Bits of wit and wisdom such as:
- Novelist Norman Mailer: “If a person is not talented enough to be a novelist, not smart enough to be a lawyer, and his hands are too shaky to perform operations, he becomes a journalist.”
- Journalist Claud Cockburn: “Never believe anything until it is officially denied.”
- Author Thomas Mann: “A writer is someone for whom writing is more difficult than it is for other people.”
- And the one we all wish we’d thought of, from American journalist H.L. Mencken: “I can write better than anyone who can write faster, and I can write faster than anyone who can write better.”
I always thought it might make a book. It wouldn’t be very profitable, but then I’ve always believed you should never write a book just to make money, but because you’ve got something to say.
Or, in the case of this book, lots of things for other people to say. And so I began scouring all the journalism books on my shelves (400 at the last count), and searching everywhere.

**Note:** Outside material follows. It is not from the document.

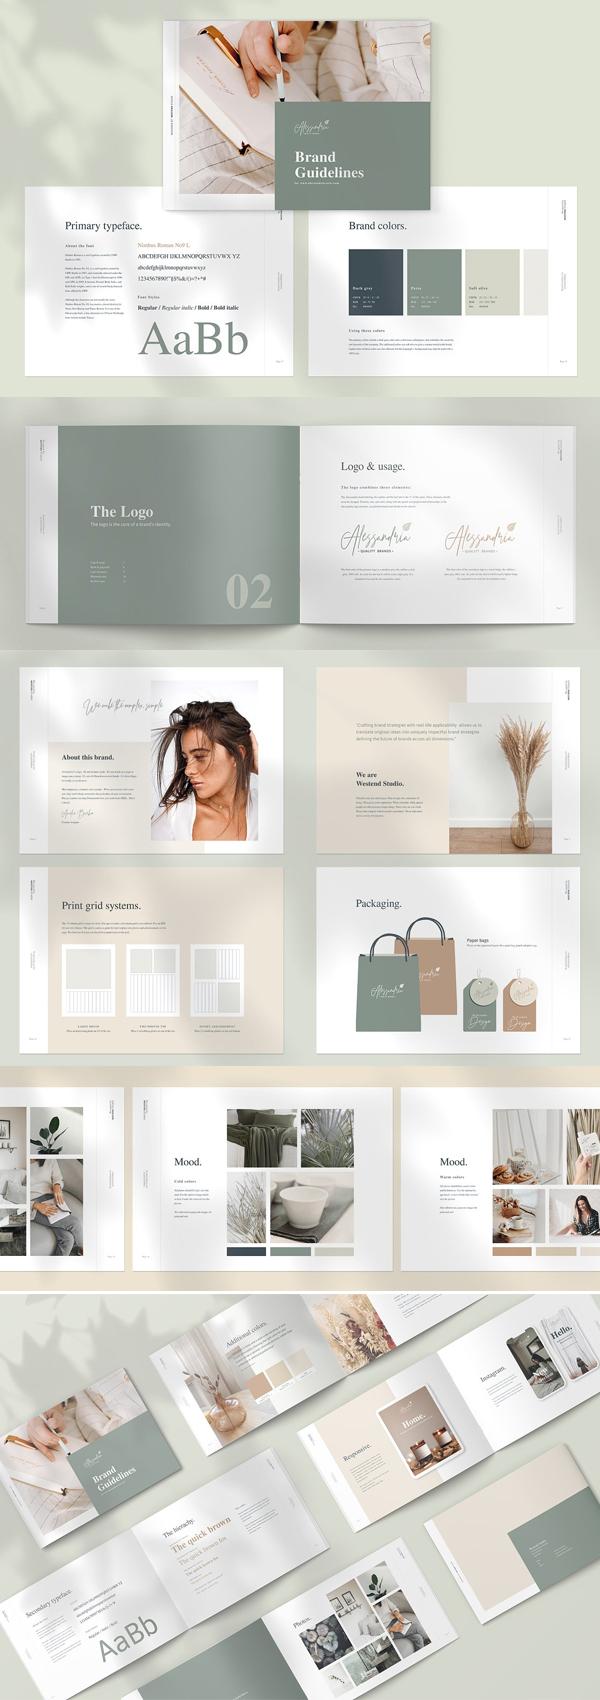 Alessandria - Brand Guidelines

Hundreds more were added, such as US television executive Don Hewitt’s take on bias: “What viewers and readers are most unhappy about is not that journalists slant the news, but that we don’t slant it their way.”
And Brazilian Sergio Vaz’s unique recipe for good journalism: “Newspapers would be better if they had no publishers, no advertisers and no readers. Then journalists could make a hell of a paper.”
So far, I’ve got more than 2,000 quotations, on all aspects of the trade:
- Rock journalism (Frank Zappa: “People who can’t write interviewing people who can’t talk for people who can’t read.”)
- Film reviewing (US gossip columnist Walt Winchell: “A critic is a newspaperman whose sweetheart ran away with an actor.”)
- Interviewing (novelist Truman Capote: “When someone says, ‘That’s a good question’, he never has a good answer.”)
- Objectivity (Time magazine founder Henry Luce: “Show me a man who claims he is objective and I’ll show you a man with illusions.”)
- And the internet (artificial intelligence expert Professor Robert Wilensky: “We’ve all heard that a million monkeys banging on a million typewriters will eventually reproduce the entire works of Shakespeare. Now, thanks to the Internet, we know this is not true.”)
One of my favourites is something said at a combative press conference given by Julian Bond, a US politician accused of cocaine use and forced to face the press.
In a marvellous comment on the sanctimoniousness of the media at such times, he told reporters: “I want the drug abusers and adulterers to remain in your seats. The homosexuals and lesbians are fine where you are, and the Aids carriers can stay scattered in the crowd. Let’s have the alcoholics, liars, and cheats sit in every other seat. Those of you without sin, stain or stigma, please raise your hands.”
It would have been far less work to leave it there and let these quotations speak for themselves. But I realised that, to make sense in a book, they cried out for a little context.
For instance, Charles Dickens’s opinion – “Newspapers are so filthy and bestial that no honest man would admit one into his home for a water-closet doormat.” – is more interesting once one knows he was not only editor of a newspaper, but that he lasted in the job a mere three weeks.
And the remark of Frederick Birchall of the New York Times – “Foreign correspondents should be eunuchs.” – is more enjoyable once you know he gave up his desk job to become one so he could pursue an attractive German countess.